Anyone know how to do this trig problem?

[Schadenfroh]

your links are broke

 

[Shawn]

wtf? you guys killed my school's server.

 

[FrustratedUser]

Originally posted by: Shawn
wtf? you guys killed my school's server.

0wn3d!!

 

[TuxDave]

lol... this is one of those 1 second problems.

 

[Shawn]

Originally posted by: TuxDave
lol... this is one of those 1 second problems.
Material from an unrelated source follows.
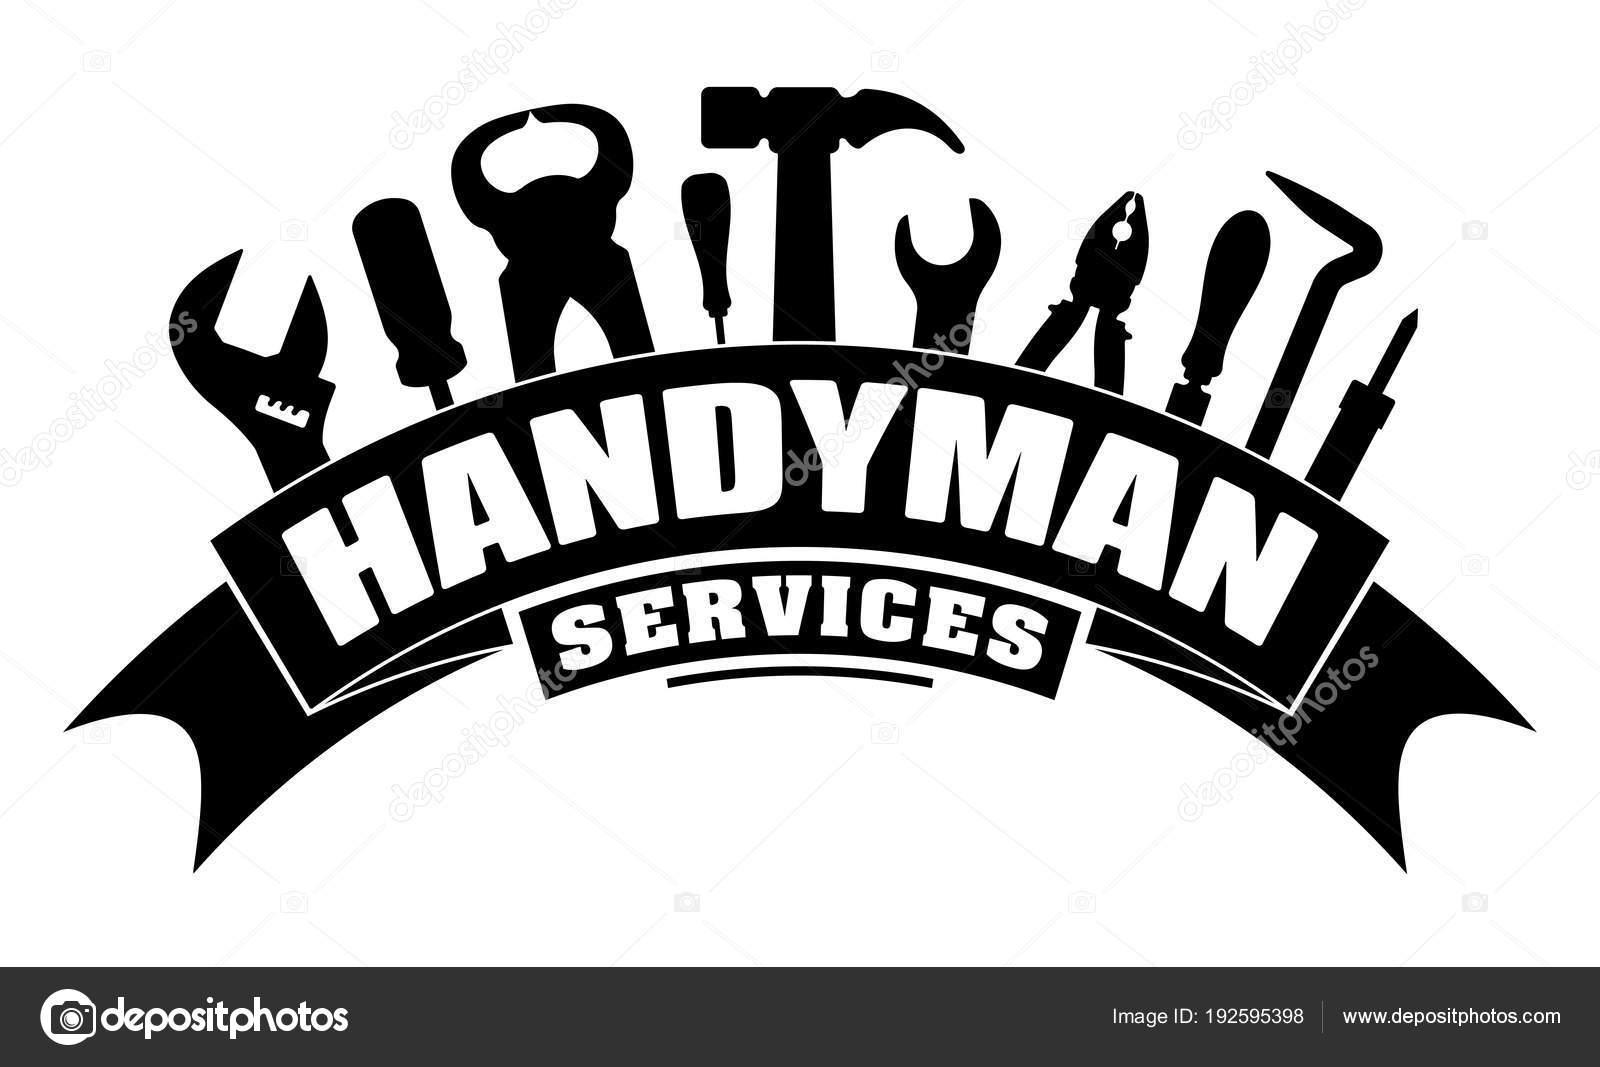 Servicios Handyman Diseno Para Logotipo Emblema Con

It says the answer is sin x, but wouldn't it be -sin x since it's an odd function?

 

[Kyteland]

Originally posted by: Shawn

Originally posted by: TuxDave
lol... this is one of those 1 second problems.

It says the answer is sin x, but wouldn't it be -sin x since it's an odd function?

No, sin repeats with a period of 2*pi.
sin(x) = sin(x+2*pi)

This means sin(3*pi-x) = sin(pi-x).

Sin has an inverse with a period of pi.
sin(x) = -sin(x+pi)

This means sin(pi-x) = -sin(-x) = sin(x)

As a secondary proof you can use the addition formula for sin:
sin(x+y) = sin(x)*cos(y)+cos(x)*sin(y)

sin(3*pi-x) = sin(3*pi)*cos(-x)+cos(3*pi)*sin(-x)
= 0*cos(-x)+(-1)*sin(-x)
= -sin(-x)
= sin(x)

 

[StevenYoo]

Originally posted by: Kyteland

Originally posted by: Shawn

Originally posted by: TuxDave
lol... this is one of those 1 second problems.

It says the answer is sin x, but wouldn't it be -sin x since it's an odd function?

No, sin repeats with a period of 2*pi.
sin(x) = sin(x+2*pi)

This means sin(3*pi-x) = sin(pi-x).

Sin has an inverse with a period of pi.
sin(x) = -sin(x+pi)

This means sin(pi-x) = -sin(-x) = sin(x)

As a secondary proof you can use the addition formula for sin:
sin(x+y) = sin(x)*cos(y)+cos(x)*sin(y)

sin(3*pi-x) = sin(3*pi)*cos(-x)+cos(3*pi)*sin(-x)
= 0*cos(-x)+(-1)*sin(-x)
= -sin(-x)
= sin(x)

that's what i was gonna say